Распутин в их спор не мешался: коли нужен, так и без него разберутся. Жандарм получил расписку на бланке черной сотни, и Гришка попал в ведение протоиерея. Восторгов дружески подтолкнул его к пролетке, в кою был впряжен золотистый рысак.

– На Большую Дмитровку… гони, душа из тебя вон! – Потом, явно довольный, пихнул Распутина в бок. – Эки дурни, – сказал проникновенно. – Мы хотели явить тебя на Москву аки гостя почетного, а они… волки тюменские! Хорошо хоть в кандалы не заковали. Ничего. Сейчас обживешься. Приоденем тебя. И заживем мы, Гришуня, так, что нам еще люди завидовать станут…

Распутин слушал в смятении: на что везли из такой дали, за что будут одевать и кормить? На всякий случай, делая постное лицо, он часто крестил себя на многочисленные купола храмов.

– Ай, благодати-то сколько, – шептал умиленно.

А сам думал, что с этим шустрым попом ухо надо держать востро. «Ежели хоть сотню рублев с него выжулю, – размышлял дерзостно, – оно и ладно…» Тпррру! – приехали. Дом со швейцаром. Прошли в квартиру. Но дальше передней Гришка заупрямился:

– Эко чисто у вас. Боюся, полы загавержу.

– Шут с ними, Гришуня, ступай в комнаты.

– Куды-ы уж нам! Мы с уголка постоим. Коли корочку в сольцу обмакнете да мне пожевать дадите – вот и спасибочко…

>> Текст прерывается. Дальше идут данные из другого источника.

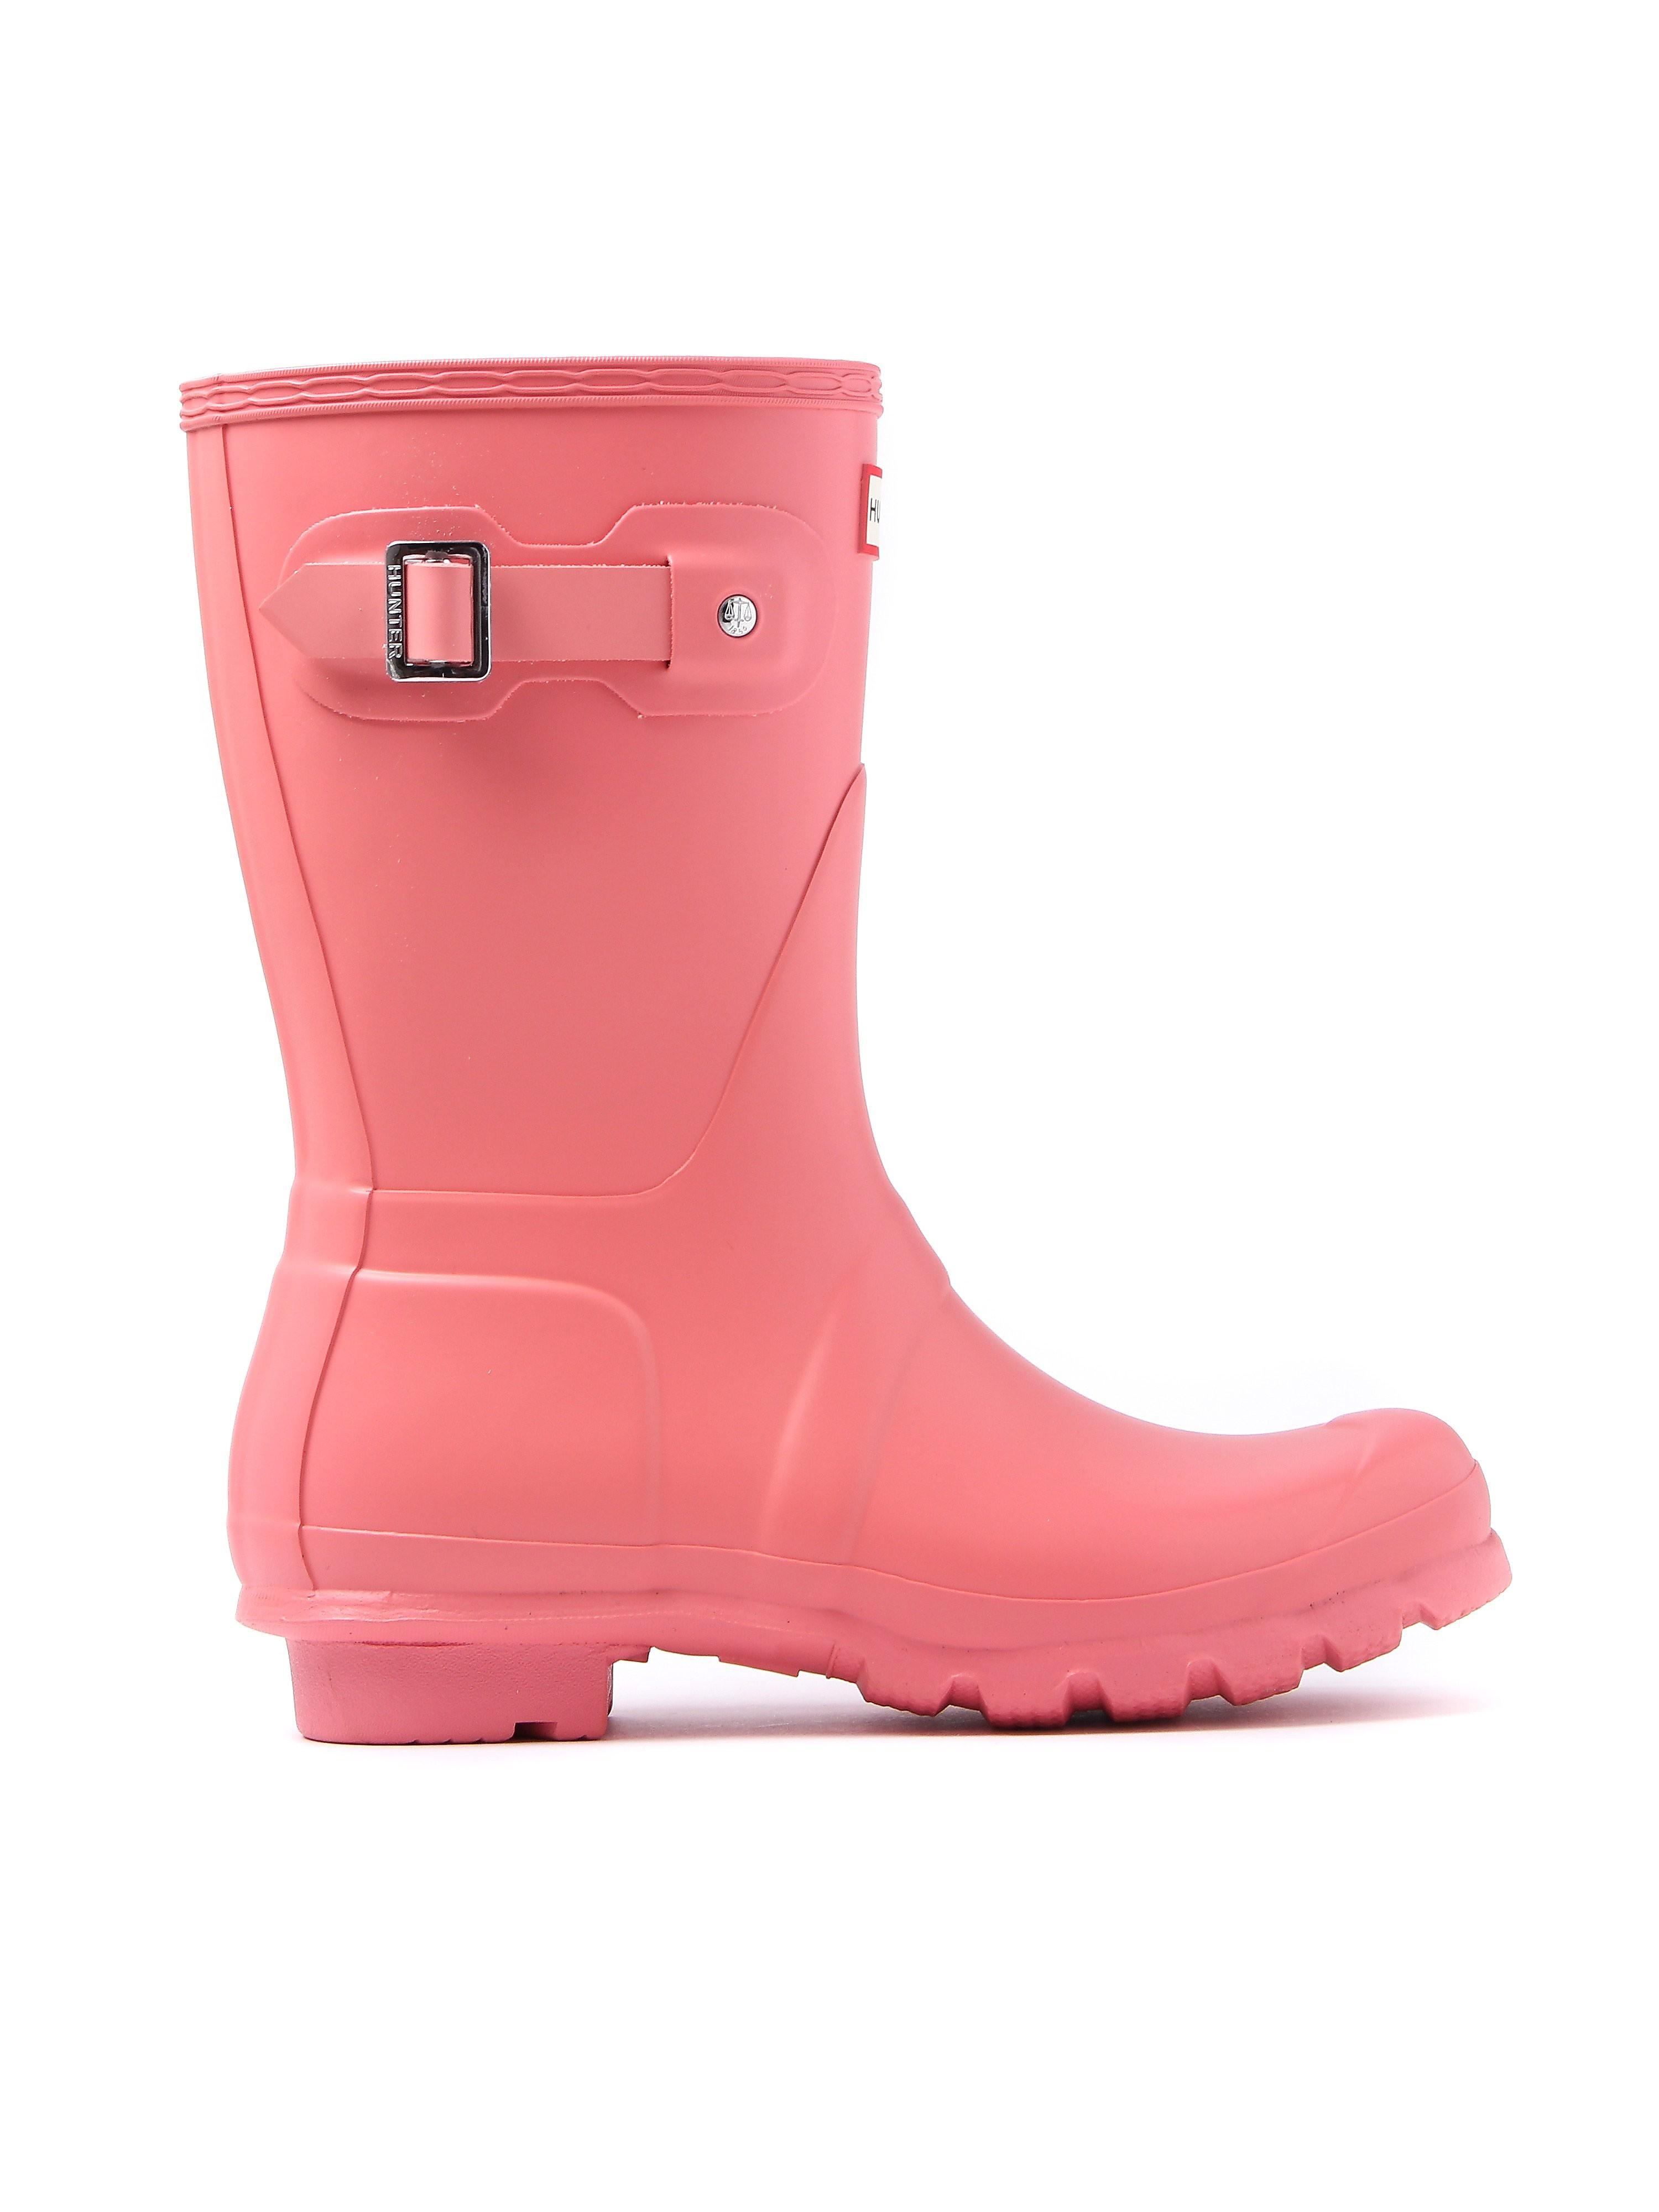 Hunter Wellies Women's Original Short Wellington Boots - Pink

Восторгов силком пропихнул Гришку в двери гостиной. Сажал за стол, где в ананасном кувшине фиолетово светилась настойка на черной смородине, пузатой горушкой пыжилась в хрустале рубиновая икра, а в изумрудной желтизне, радуя глаз, сочно обтаивали перламутровые ломти свежей астраханской осетрины.

– Ну вот, Гришуня! – хлопотал отец Иоанн. – Садись, дорогой. Сам видишь, что живу я скромно. Что бог дал, то и на столе…

Распутин сообразил, что его принимают за кого-то такого, каким он никогда не был. А потому и себя решил показывать не тем, кем был. Примостился с угла, обжадавело зыркая на яства.

– Не-не-не-не! – заговорил торопливо, отодвигая рюмку. – Упаси нас бог согрешить. Я ведь и не курю. Божие дыхание к чему копотью пакостить? Вот разве что селедочки постненькой… с молокой она у вас? Угощусь с вашего соизволения. Можно?

– Да бери что видишь, – надоело Восторгову миндальничать. – Что-то ты, брат, в Покровском иначе себя показывал. Да зачем хвост-то тянешь? Эвон, какой кусочек сам на тебя смотрит…

После завтрака отец Иоанн, держа в пальцах длинную папиросу «Эклер», сказал весьма значительно:

– Поживи-ка ты у меня. Потолкуем. О том о сем. Кое-кого и навестим. Можешь погулять. Вот тебе двадцать рубликов. Аванс! Трать. Не бойся. Истратишь – еще дам. Ты мне нужен…

В небывалом волнении, предчуя нечто новое в жизни, Распутин вышел на кухню, хлобыстнул из-под крана три стакана воды.

– Опосля селедочки, – сказал он попу, – завсегда приятно водички попить холодненькой… Водичка, она вить от бога дана!

* * *

Восторгов сначала представил Распутина в ЦК своей партии – уже в долгополой сибирке из сукна, в скрипучих сапогах, а подол новой его рубахи был расшит петушками и коромыслами. В окружении господ, которые глядели строго, закрикивая вопросами на разные темы, далекие от мужицкого понимания, Распутин прибег к маскировке. Демонстративно, с показной неприязнью отмахивал от себя дым папирос, отвечал с кряканьем, словно дрова колол:

– Все от бога… и говорить неча! Спаси нас помилуй… это уж так! Оно конешно… без бога-то и чирей не вскочит!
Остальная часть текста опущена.